DICKINSON, Presiding Justice,

for the Court:

¶ 1. Mississippi law requires Mobility Medical, Inc., and Mobility Medical of North Mississippi, LLC, (together referred to herein as “Mobility”) to pay a tax on their gross medical equipment sales proceeds, including sales to customers who are covered by the Federal Employees Health Benefits Plan (FEHBP). Federal law prohibits states from levying direct or indirect taxes on insurance carriers who participate in the FEHBP. The question before us today is whether this federal law prohibits the State of Mississippi from requiring Mobility to pay sales taxes on equipment it sells to individuals who are covered by the FEHBP. We hold that the tax on Mobility’s gross sales, is not a tax on FEHBP or any other health-benefits insurance plan. Accordingly, the federal law that prohibits the State from taxing FEHBP or its participating insurance carriers does not preempt the Mississippi law that requires Mobility to pay the tax on its gross sales, including those to individuals covered by FEHBP.

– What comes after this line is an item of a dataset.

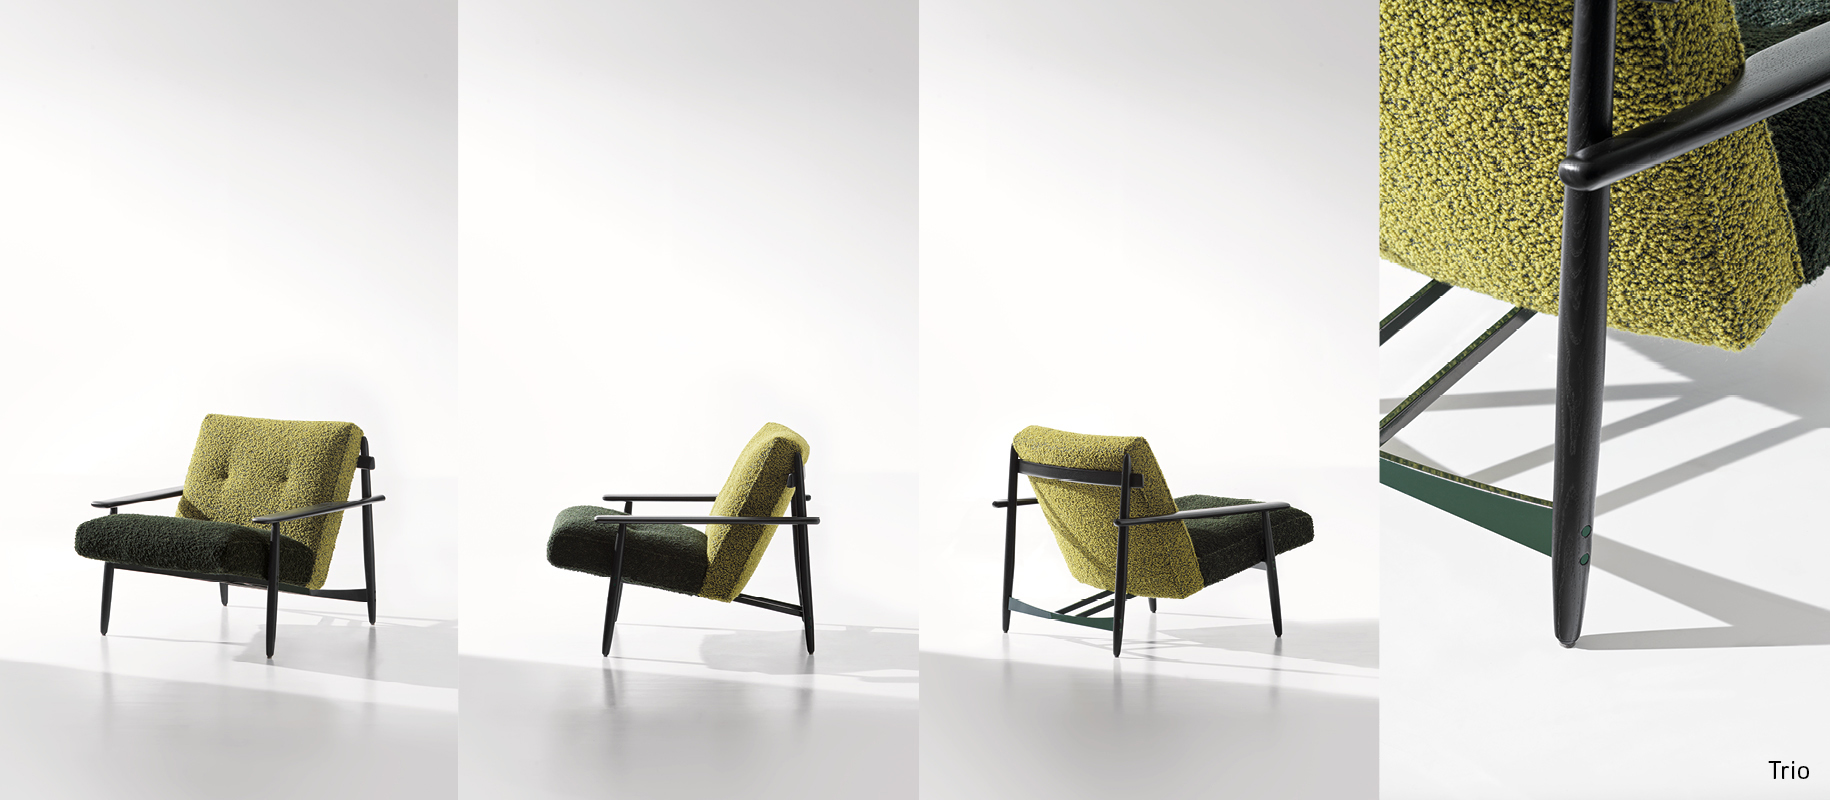 <p>Der gekonnte und kombinierte Einsatz verschiedener Materialien kennzeichnet auch den von Marcio Kogan für die 2024 Collection entworfenen Sessel <strong>Trio</strong>, auf dem auch die Version <strong>Trio Outdoor </strong>für den Außenbereich aufbaut.</p>

FACTS AND PROCEDURAL HISTORY

¶ 2. Mobility is a retail seller of medical equipment. In 2008, the Mississippi Department of Revenue reclassified certain sales of medical equipment paid for by third-party payors on behalf of government agencies as taxable transactions, subjecting Mobility to the 7% state sales tax on the gross proceeds of these retail sales from June 2004 through June 2007.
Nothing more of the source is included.